I did not recognise many of the names on my DNA match list, some of whom had quite significant amounts of shared DNA. Many matches have no family tree linked to their results, which makes it extremely difficult to work out any connection, although this has become easier with the cluster analysis available through MyHeritage. For those matches that do have a family tree attached, Ancestry attempts so predict the relationship based on shared ancestors in our trees with “ThruLines“. Whilst some of these predictions are not valid, many do at least turn out to be correct, and by including the additional branches to my tree, I was able to confirm many of these predictions.
MyHeritages’s autoclusters tool is a great way of grouping your DNA matches – in this way, matches with no associated tree can be grouped with other relatives who they share DNA with, and this gets us one step further in identifying a most recent common ancestor (MRCA).
Before DNA, I often used to ask myself … “why am I following this side branch …. I’m not even sure these people are related to me anymore ….’ as I continued down yet another rabbit hole. But know, some of these additional journey’s are paying off and helping identify how my DNA matches are related to me and establishing our most recent common ancestor (MRCA).
My strategy nowadays whenever I think I may be heading down a branch of research (usually because I’ve found something interesting about them in an old newspaper report or other document) is to ask myself – are these people likely to share any DNA with me? …. If that answer is ‘yes’, then I go ahead with further research down that branch, as you never know – one day it may be the key that breaks down some of the brick walls in my tree.
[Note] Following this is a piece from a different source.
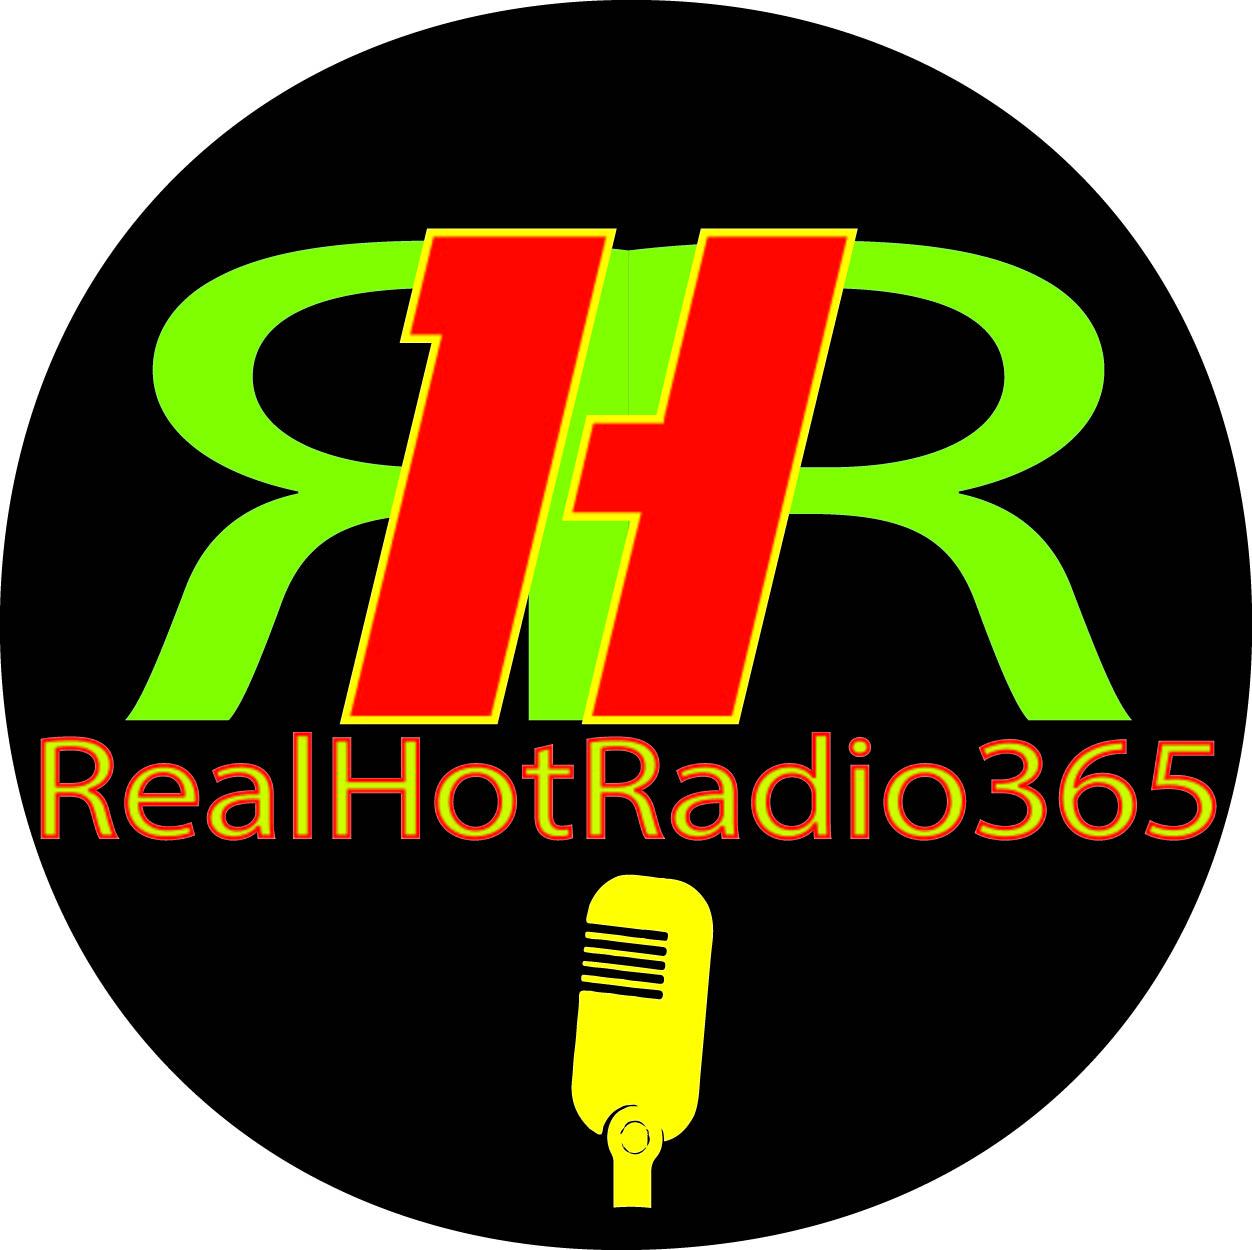 RealHotRadio365.com logo
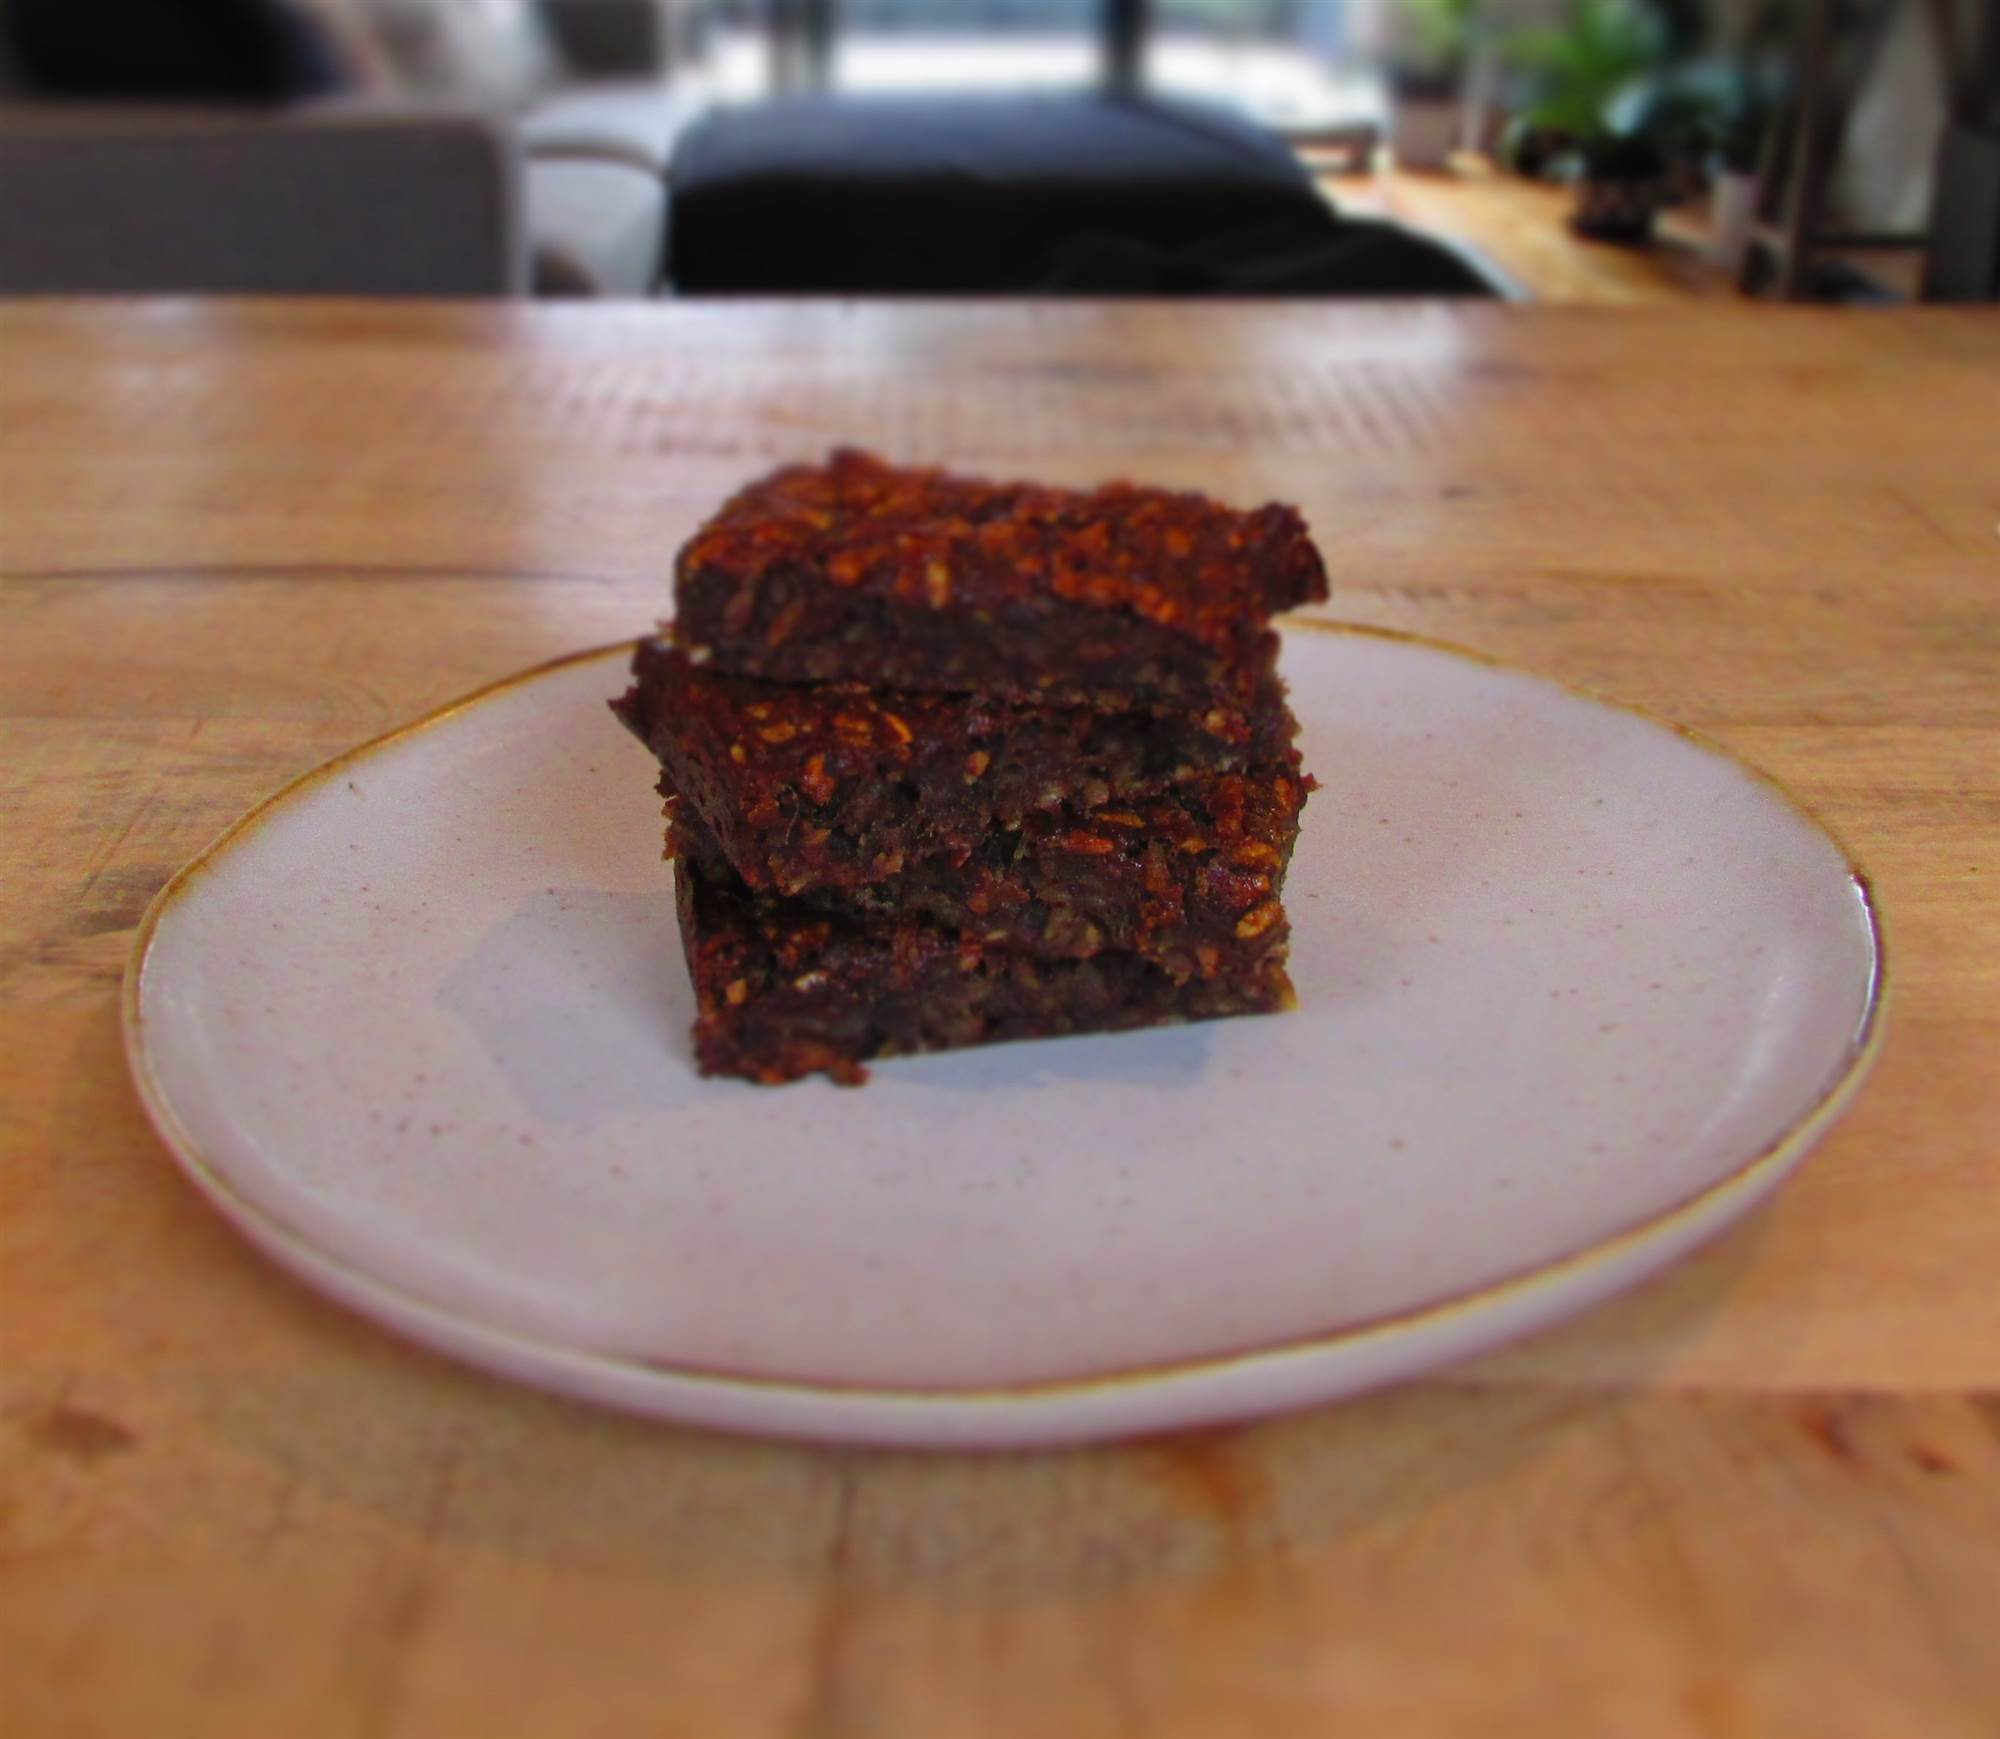 Recipe: Peanut Butter and Date Bars

Network analysis with Gephi
Whats next ?
This 52 ancestors in 52 weeks theme of ‘Branching Out‘ made me think of all the tools we currently have to explore DNA matches and identify our common ancestors. Whilst there are great tools available through Ancestry, MyHeritage and other companies, there are also lots of individuals with great ideas on how to explore our DNA matches data further. I’ve seen a few posts of people using angraph database tool called Gephi, which is used to analyse networks, and this has some incredibly powerful features which are worth exploring. In future, I’d love to try and analyse the DNA matches of my matches (and this data can be downloaded by some testing companies and GEDMATCH), but as part of this weeks challenge, I thought I would try and do a very simple analysis of surnames in my WatsonRoots tree. I currently have 3552 people in this tree, and 857 family groups. From this list of 857 family groups, I created a list of surname pairs (husband and wife’s birth surname), and created a simple graph database that shows how surnames are connected to each other. The red dots each represent a single surname, and get larger the more connections to other surnames they have. Its a very crude analysis, but its cool to watch how the algortithm sorts out all the names and connections, and shows what a powerful tool this could be to support DNA match analysis. Definitely something to explore in future.
Surname connections explored
The video below shows how Gephi figures out the most efficient way to represent the connection between the different surnames on my tree. Clearly I have a lot of research from the Stevens family (my maternal great grandmother) in my tree!